LiFeSO4F是2010年发现的新型硫酸盐基锂离子电池正极材料，具有重要的应用前景。该材料的工作电压适中，比能量与LiFePO4相当，其独特的三维晶体结构更有利于锂离子的扩散。但是，LiFeSO4F的电子绝缘性严重影响了材料的高倍率充放电性能。针对这一科学问题，本项目拟从材料的晶体结构和电子结构入手，结合第一性原理计算与实验研究，建立起LiFeSO4F的结构、物理性质与电化学性能之间的构效关系模型，揭示影响材料电子导电与离子扩散的关键因素。在此基础上，通过适当的离子掺杂对材料的结构进行调制与剪裁，显著提升材料的电子导电率，从而获得较高的锂离子扩散系数，提高材料的充放电倍率性能，为LiFeSO4F正极材料在锂离子电池中的应用奠定基础。
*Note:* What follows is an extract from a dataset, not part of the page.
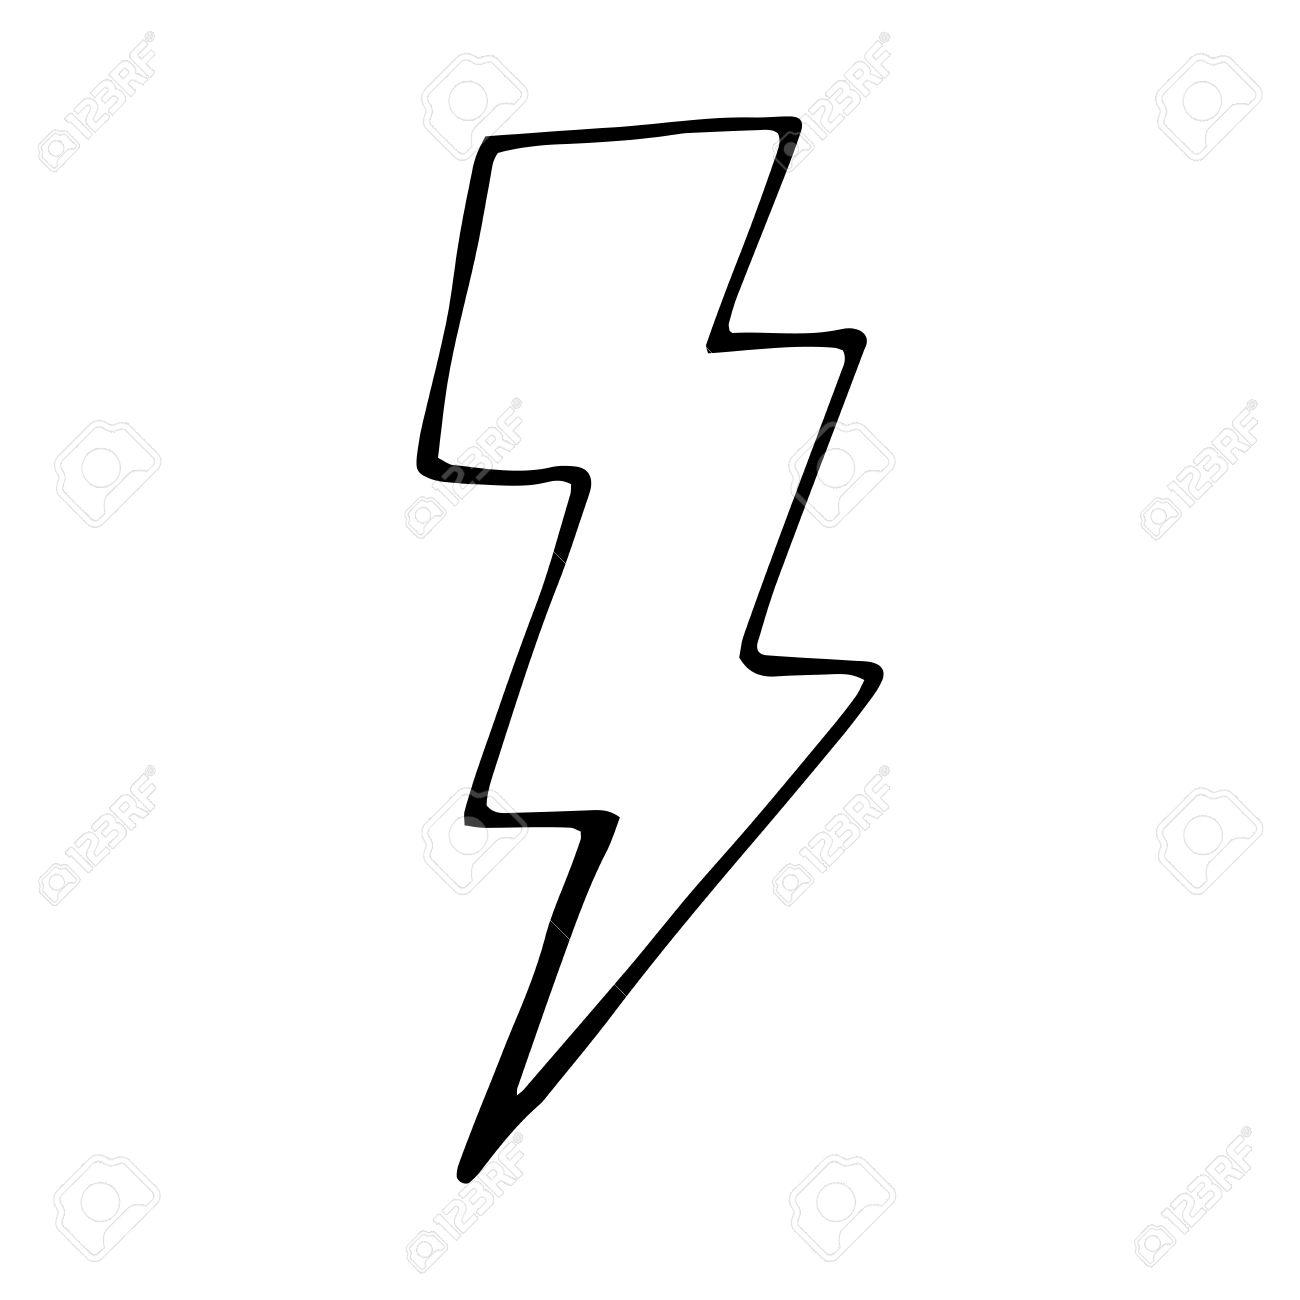 1300x1300 Drawn Lightning Lightning Bolt
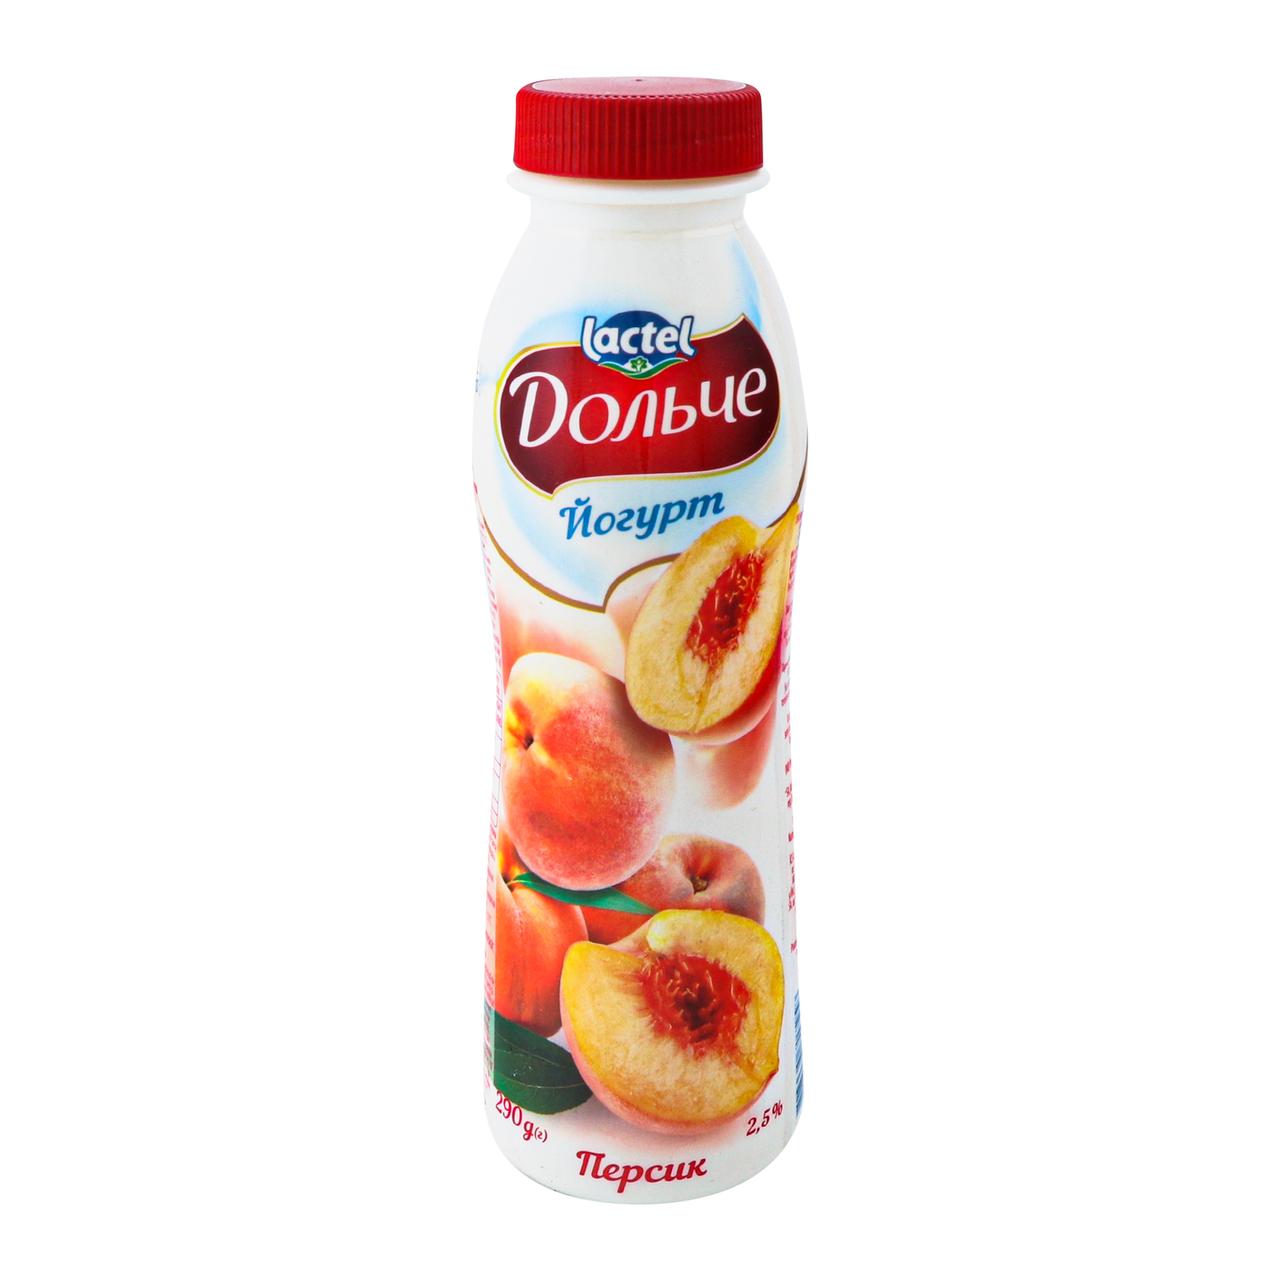 Йогурт Дольче Персик 2.5% 290г

LiFeSO4F是2010年发现的新型硫酸盐基锂离子电池正极材料，该材料的工作电压适中，比能量与LiFePO4相当，其独特的三维晶体结构更有利于锂离子的扩散，但其自身的电子绝缘性严重影响了材料的高倍率重放电性能，针对这一科学问题，本项目从材料的晶体结构和电子结构入手，采用GGA+U的方法计算了LiFeSO4F/FeSO4F体系的平均插入电压为3.54 V，从LiFeSO4F/FeSO4F的电子结构上看，随着Li离子的脱出，材料从莫特哈伯德绝缘体（LiFeSO4F）转变成了电荷转移型绝缘体（FeSO4F）。通过差示扫描量热法和热重测试发现具有优异的安全性能，初始放热温度为385 oC，放出的热量为79.4 J g-1；为了改善材料的电化学性能，通过氧化石墨烯和聚多巴胺对材料进行包覆改性，改性后材料的电导率提高到1.65×10-4 S cm-1，较原始材料提高了7个数量级，使得材料的电化学性能得到明显提升，100次循环后的的放电比容量为113.2 mAh g-1，容量保持率提高到99%，在5 C下的放电比容量达到48.9 mAh g-1；此外，还分别尝试了Ti离子和Mg离子的掺杂改性，穆斯堡尔谱测试发现Ti离子掺杂在材料的Fe（2）位置，通过计算发现材料的能隙由3.9 eV降低为2.1 eV，提高了材料的电子导电率，而Mg离子作为一种同价位的惰性原子掺杂，在锂离子脱嵌过程中稳定材料的晶体结构，因而获得了较好的倍率性能和循环性能，经过掺杂后材料100次循环后的容量保持率达到95%，在2 C倍率下的放电比容量为45 mAh g-1，通过循环伏安曲线的电化学阻抗图谱测试表明，改性后材料的动力学性能远优于原始的LiFeSO4F材料，因而获得了优异的电化学性能。.通过对LiFeSO4F材料一系列的研究，改善了材料的电化学性能，获得了电化学性能优异的LiFeSO4F改性材料。LiFeSO4F作为一种高安全性能的聚阴离子型正极材料，随着材料循环稳定性和倍率性能的提升，为材料的进一步应用奠定了很好的基础。